Containing His Reasons for Accepting the late King of Spain's Will, in Favour of the Duke of Anjou.

In a LETTER from a Friend, to Mr. J. C. Merchant in LONDON.

LONDON: Printed in the Year 1700.

Price 4 d.

REFLECTIONS UPON THE MEMORIAL Deliver'd to the States General, By the Count de Briord, the French King's Ambassador, &c.

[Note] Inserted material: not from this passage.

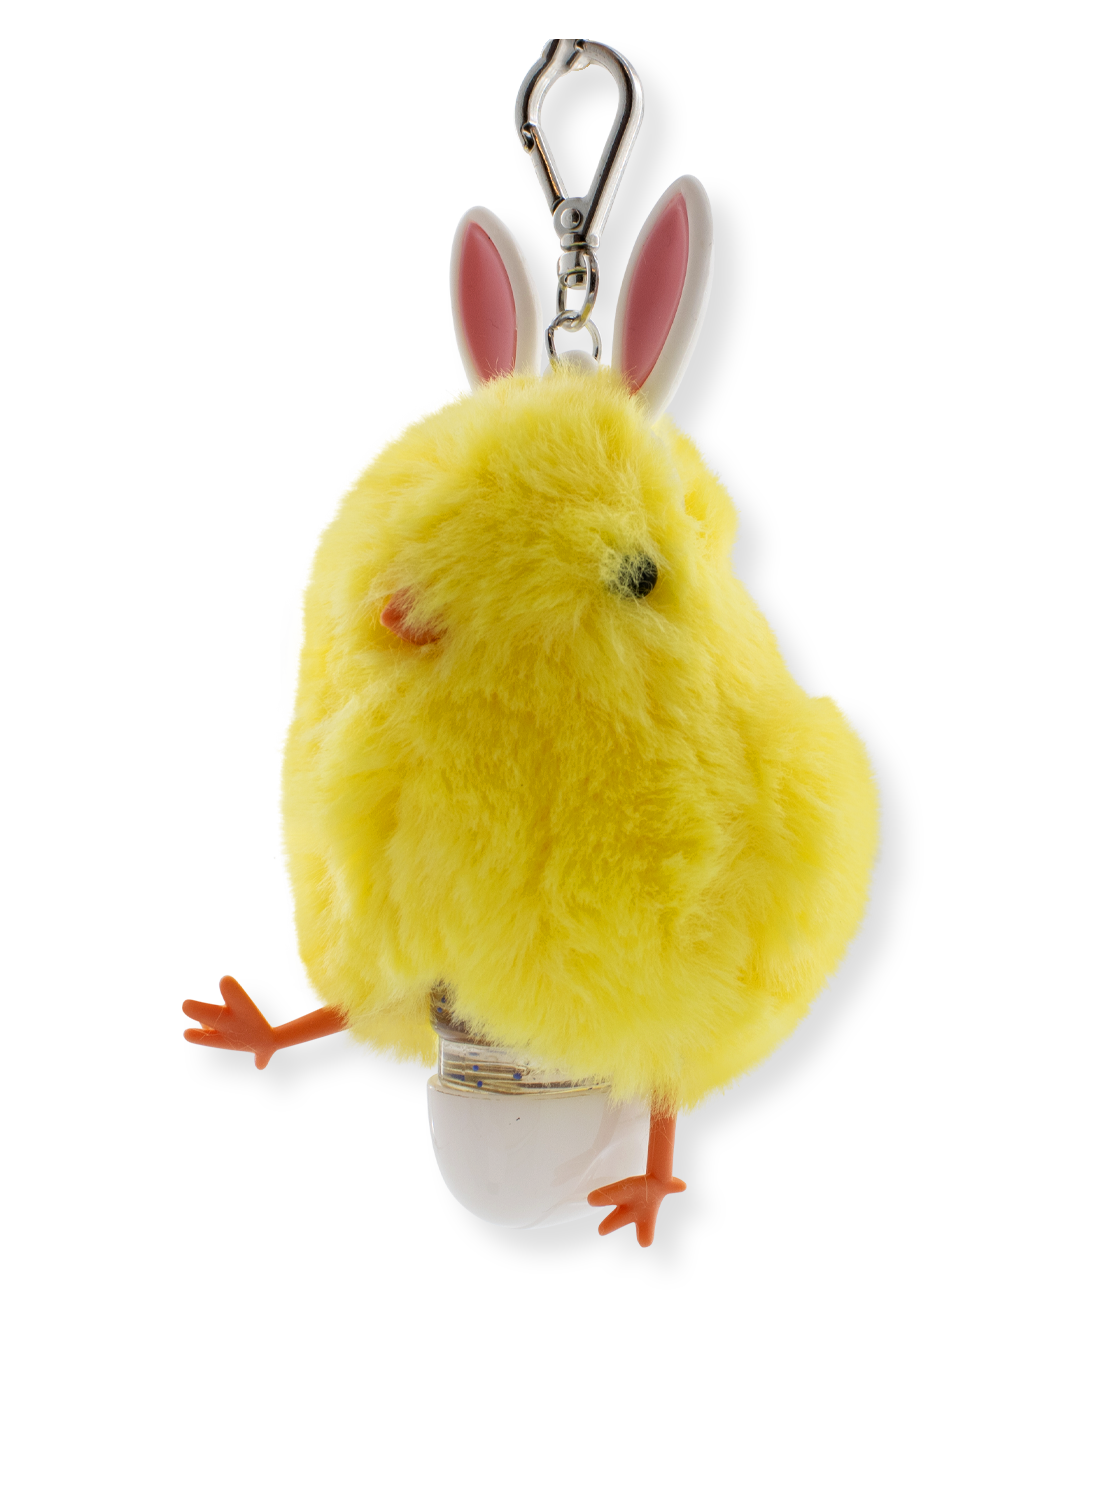 Pendant for hand disinfection gel - Chick with Bunny Ears

REFLECTIONS upon the Memorial deliver'd into the States General, by the Count de Briord, the French King 's Ambas­sador, &c.

SIR,

I Have too often, in my own mind, censur'd others for Complementing themselves (for as such I took it) in Es­say's of this kind, when they pretended their unfitness for the undertakeing, and that they purely did it at the Request of their Friends, to be guilty of the same Preamble. But if I mistook their designs, and they only were, that they might be able to Charge the Defects of their Performances somewhere beyond themselves, if they shou'd see occasion, when they had expos'd their Capacities at the request of their Friends. I have the most reason of any to Preface so to you, especially considering that I am a­bout to Reflect upon the French King's Memorial to the States General, Containing his Reasons for accepting the Late King of Spain 's Will in Favour of the Duke d' Anjou. It is not to be doubt­ed, but in a Case of this Importance, he has taken care it should not be Jejunely done; and therefore employ'd the best Heads he had in this Afffair; and if I mistake not, some who I think Judicious, nor they fail in their Opinions, it is shrewd­ly worded; But Truth and Justice are Weapons not ea­sily Parry'd; yet easily us'd by the Hand of the Unskilful, which is the only consideration that enboldens my at­tempt.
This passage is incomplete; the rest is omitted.